Construction has started on the world's first industrial plant for the production of solar aviation fuel at the Brainergy Park in Jülich. Synhelion, the company making the investment will demonstrate a “sun-to-liquid” process that turns water, CO2 and methane into synthetic fuel using the energy from concentrated solar heat.

The research partners include the German Aerospace Centre (DLR) and the Solar Institute Jülich of Aachen University of Applied Sciences, with the Federal Ministry for Economic Affairs and Climate Action providing EUR 3.92 million in funding. 

A 20-metre high solar tower will be the park’s most prominent feature, modelled on the DLR’s smaller tower in Jülich. A field of “heliostat” mirrors (surface area 1,500m2) will concentrate sunlight onto a solar radiation receiver on the tower.
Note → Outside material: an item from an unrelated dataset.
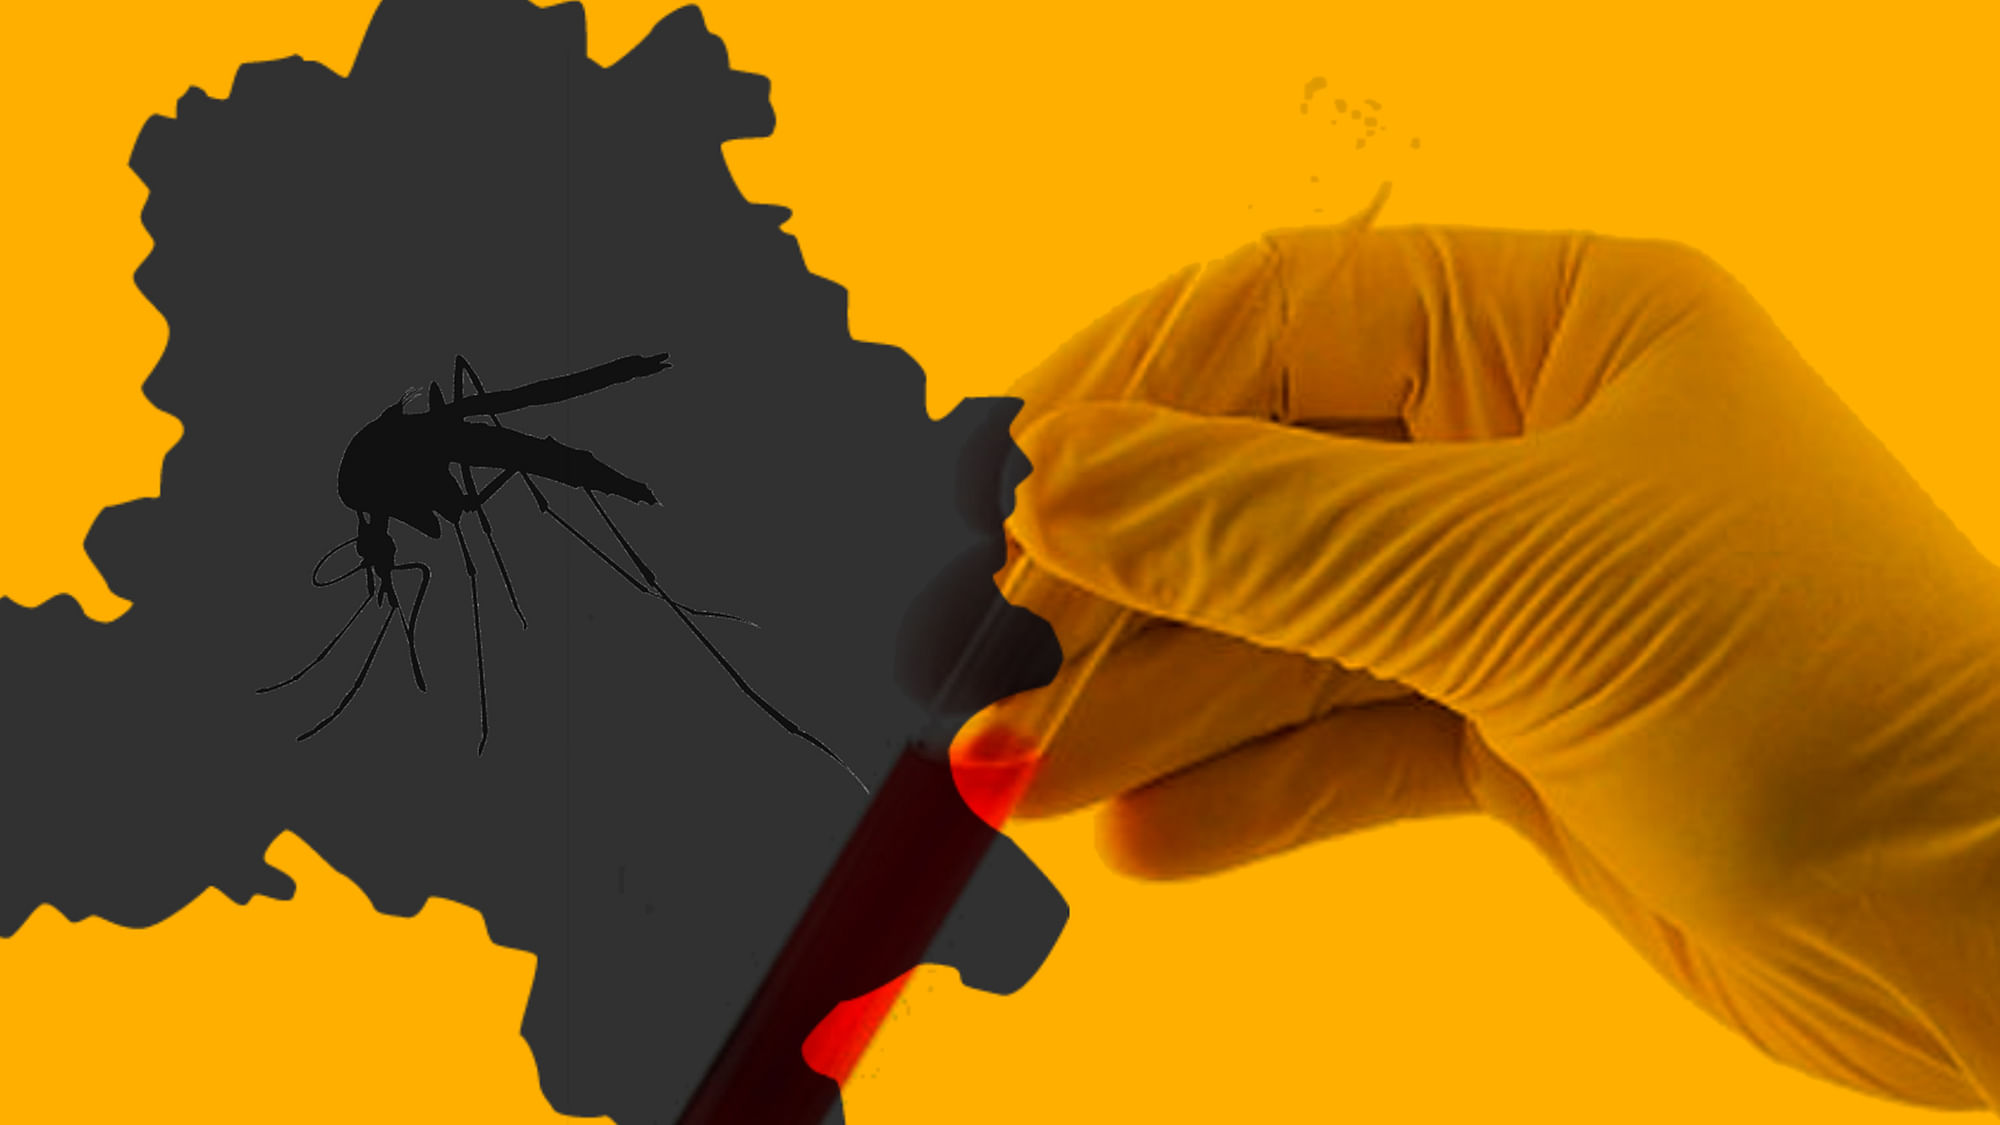 From sporadic cases of dengue in 1960s to widespread outbreak now – the scale of mosquito-borne diseases appears to be growing every year. (Photo: <b>The Quint</b>)

Temperatures at this point can exceed 1,000 degrees Celsius – and this intense energy is used to drive a thermochemical process producing kerosene. All the individual steps of the process have been successfully tested at the DLR’s Institute of Solar Research.

Opening in 2023, the pilot plant will only yield a few thousand litres of aviation-quality kerosene per year. Swiss International Air Lines is signed up to be the first airline to fly using the carbon-neutral fuel. Synhelion has plans to scale up quickly, as MD Patrick Hilger explains: "By 2025 we plan to commission the first commercial production plant in Spain… by 2040 we’ll increase production capacity to 50 billion litres of solar fuel per year, which could cover half of Europe's aviation fuel demand,” he says in a press release.